══ Raw data ══

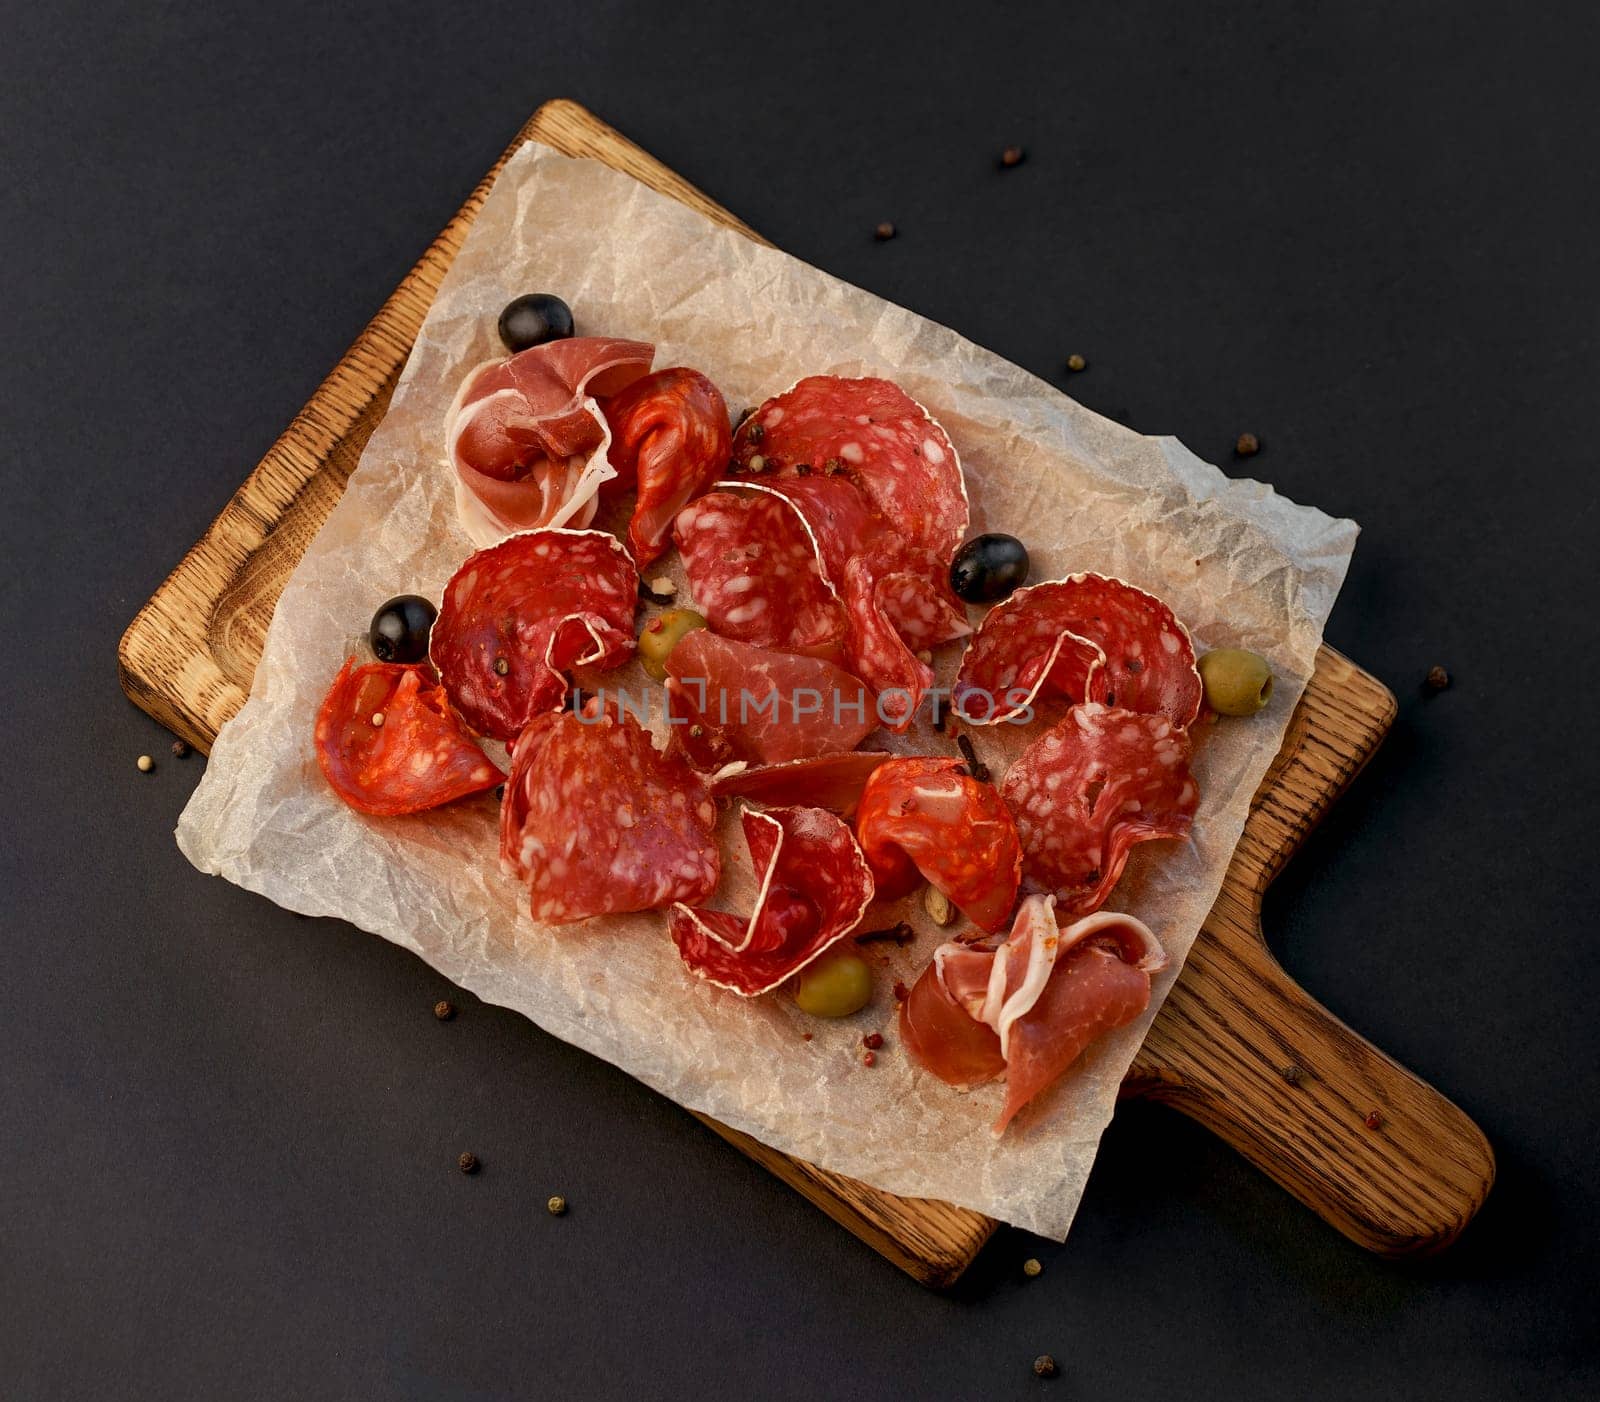 Meat Charcuterie Plate with Prosciutto crudo, Salami and Coppa Sausage. Black background. Top view. by aprilphoto
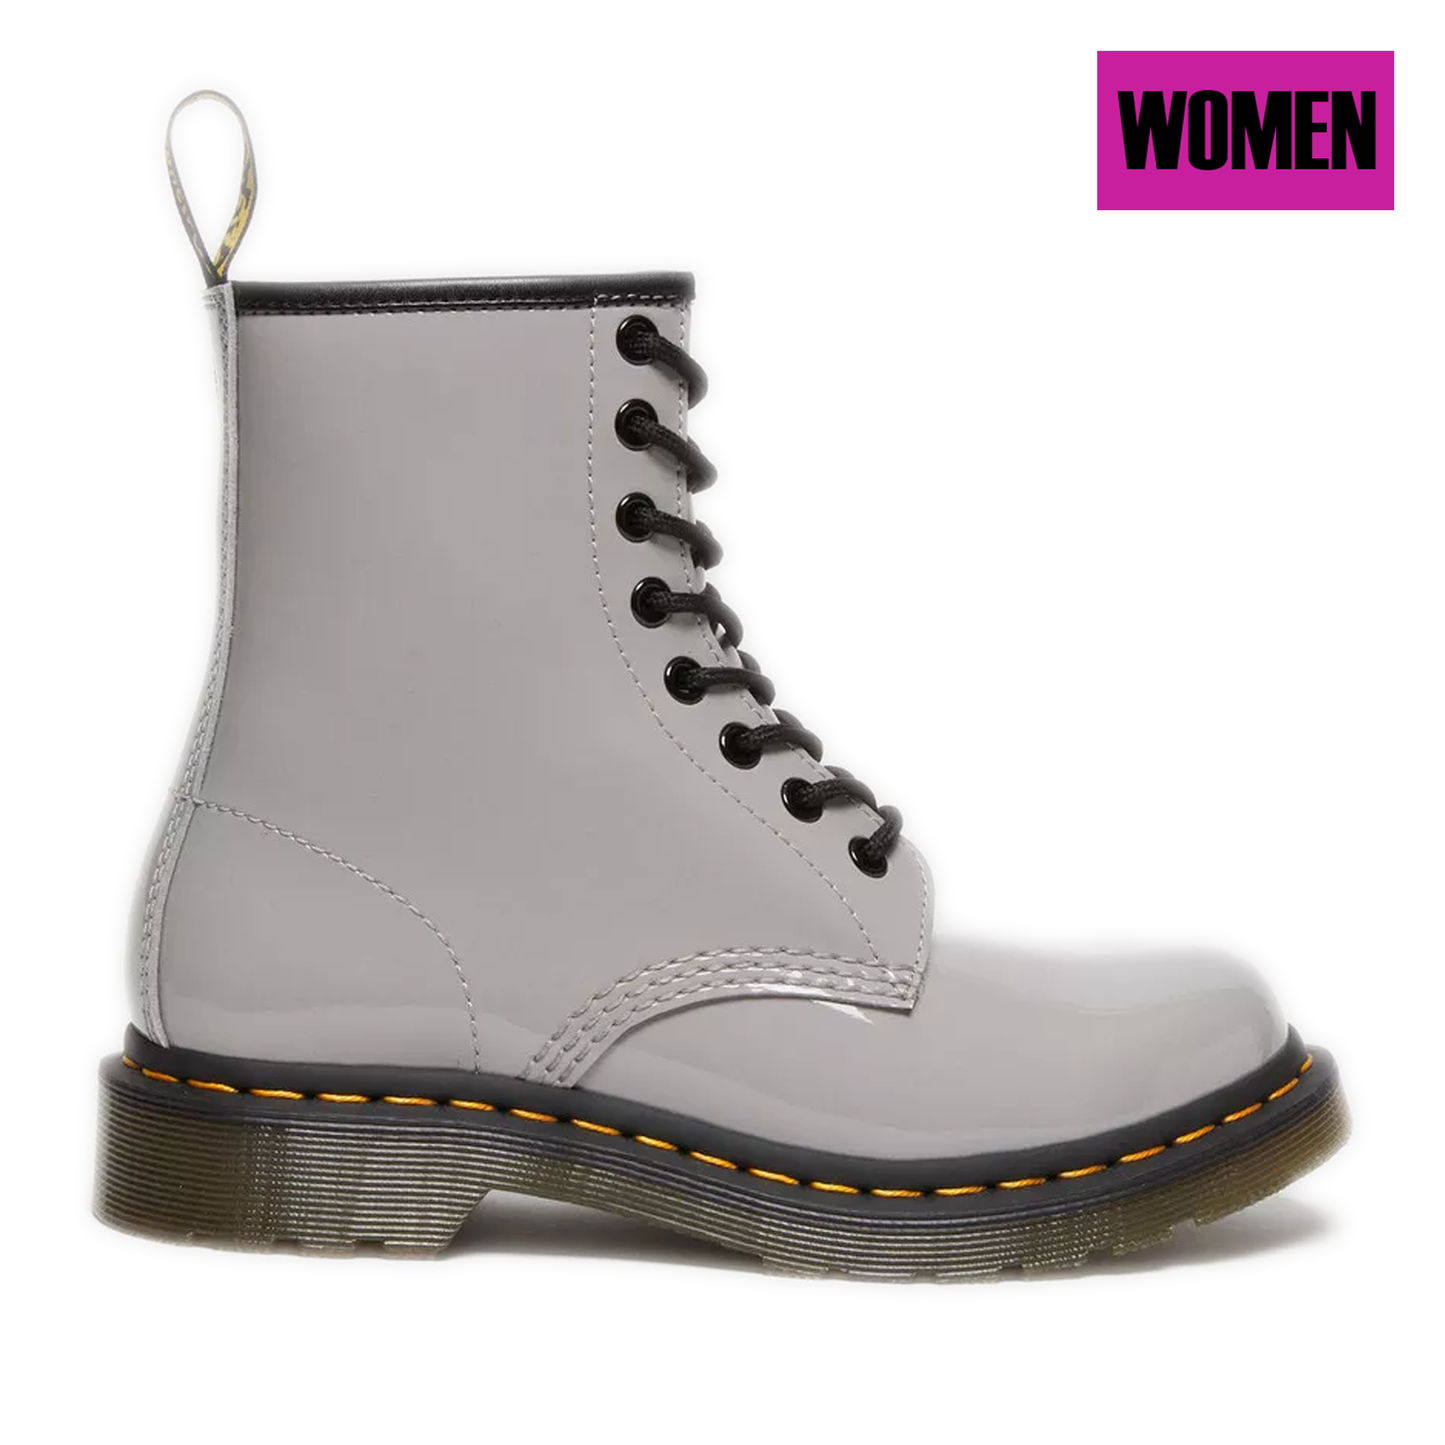 Women's Dr. Martens 1460 Patent Leather Lace Up Boots - Grey Lucido/ Patent Lamper
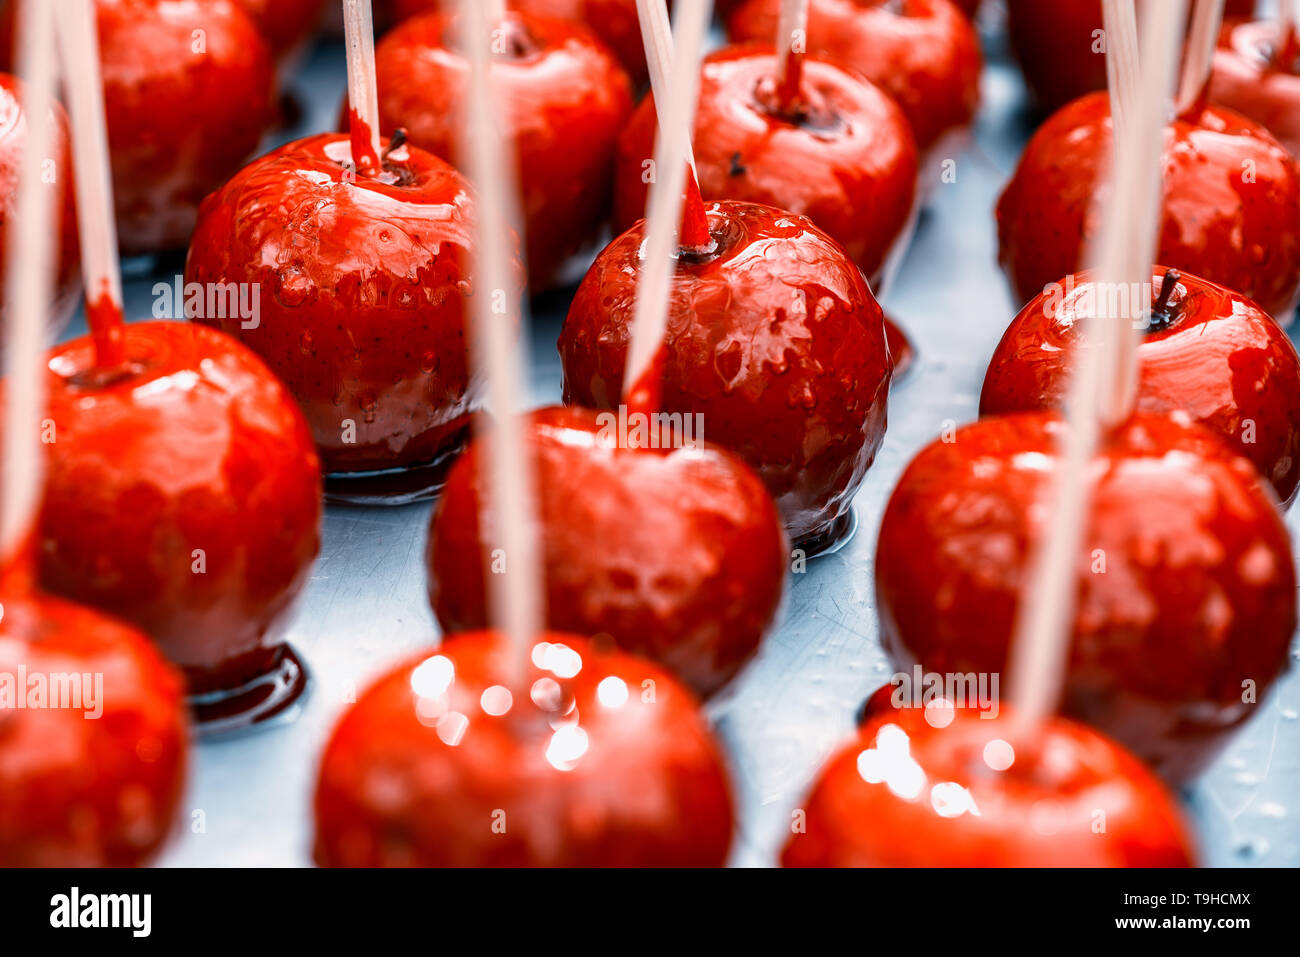 Caramelised red apples Stock Photo
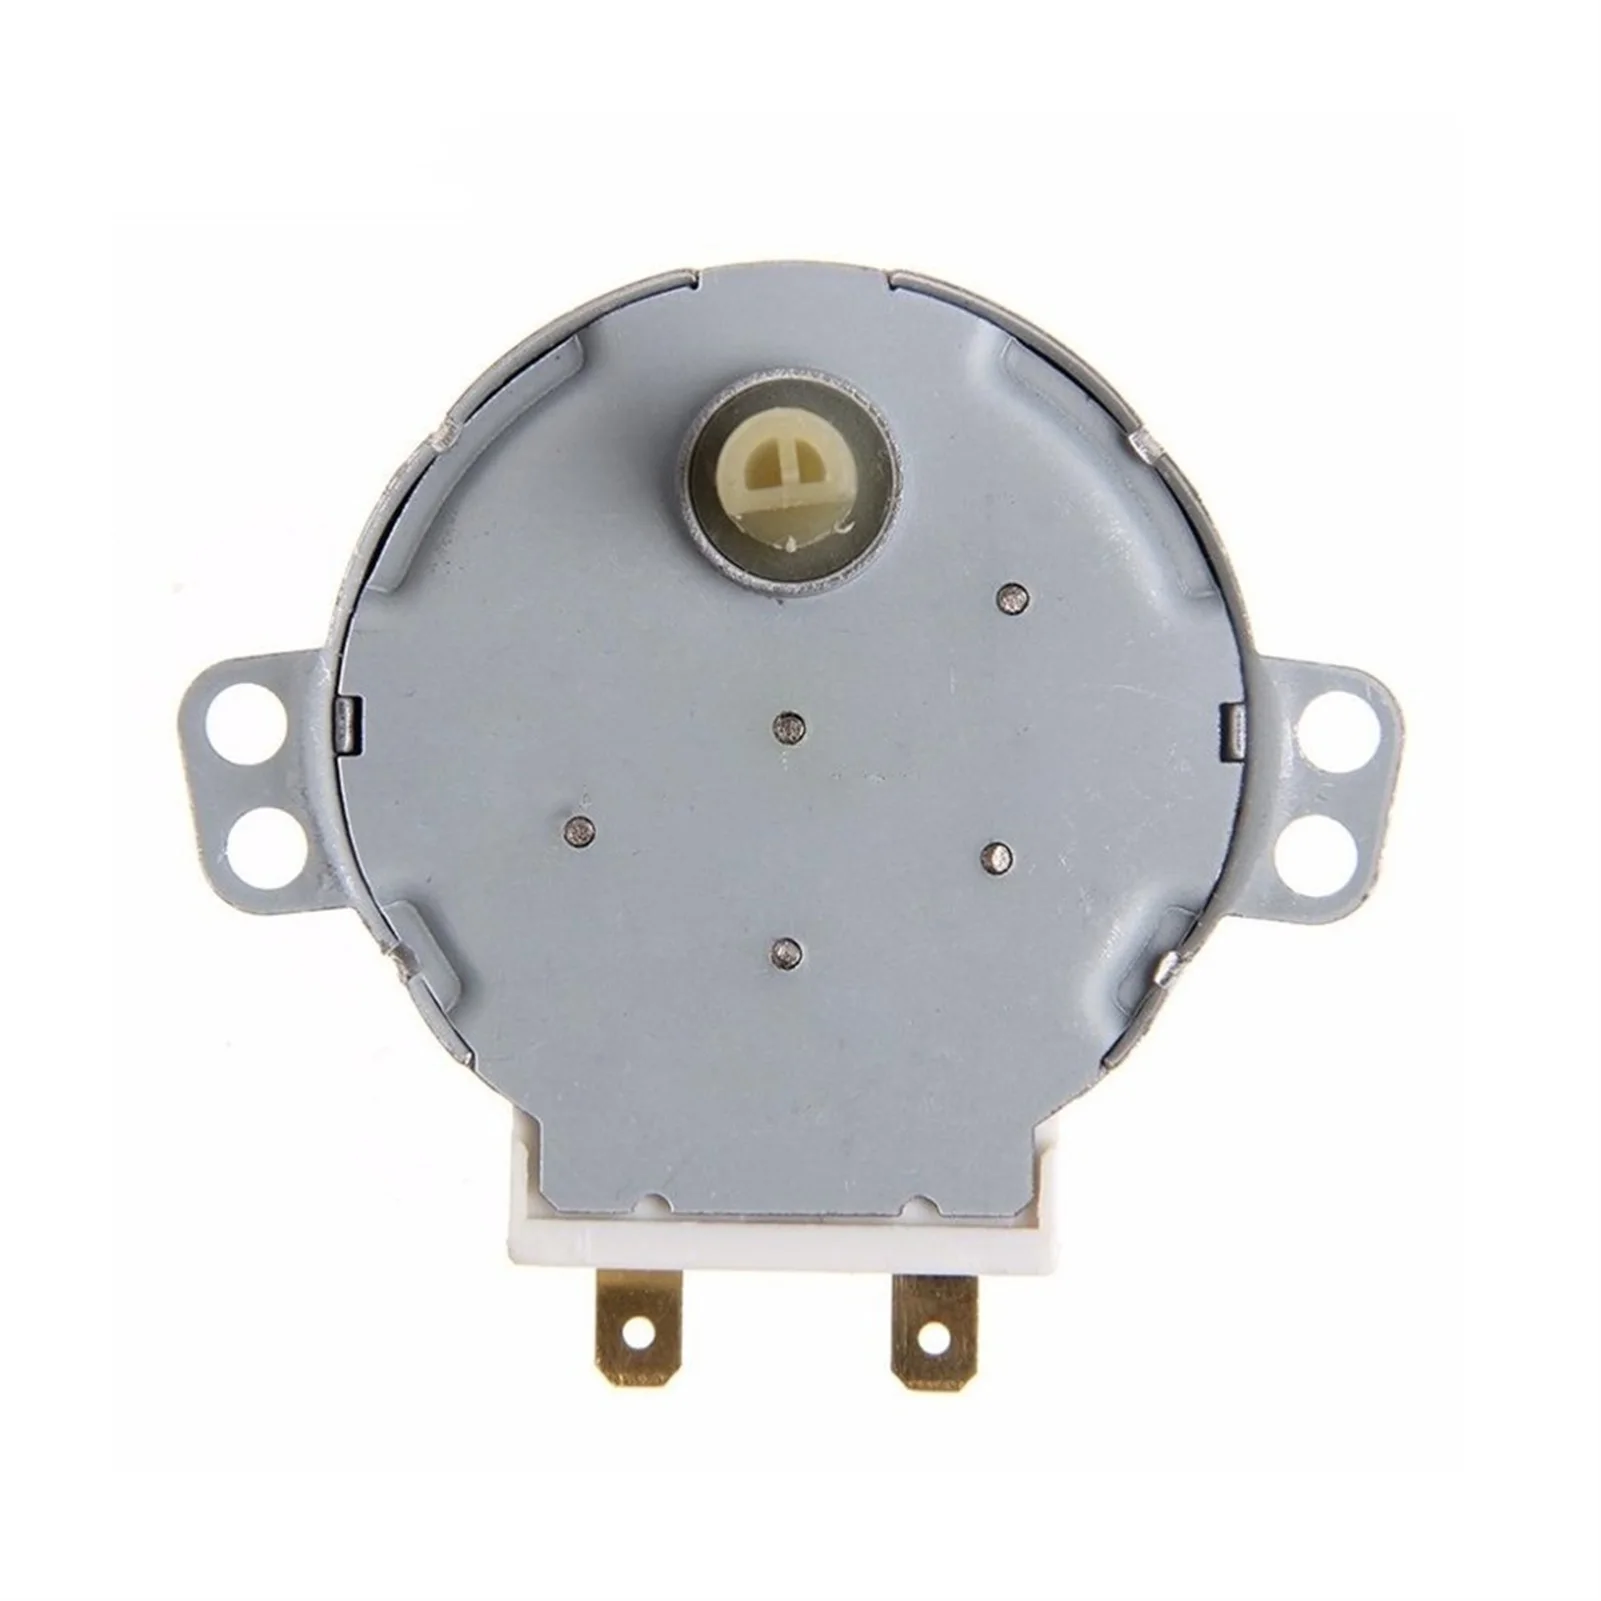 

MDS-4A Motor, 49TYZ-A2 Motor, TYJ50-8A7 Synchronous Motor, Microwave Oven Turntable Motor, Tray Motor, 220V Flat Shaft Motor

═══

**Task instructions**
Please copy the lines above exactly as written, apart from any pictures.

**Task answer**
 Meat Charcuterie Plate with Prosciutto crudo, Salami and Coppa Sausage. Black background. Top view. by aprilphoto
 Women's Dr. Martens 1460 Patent Leather Lace Up Boots - Grey Lucido/ Patent Lamper
 Caramelised red apples Stock Photo

MDS-4A Motor, 49TYZ-A2 Motor, TYJ50-8A7 Synchronous Motor, Microwave Oven Turntable Motor, Tray Motor, 220V Flat Shaft Motor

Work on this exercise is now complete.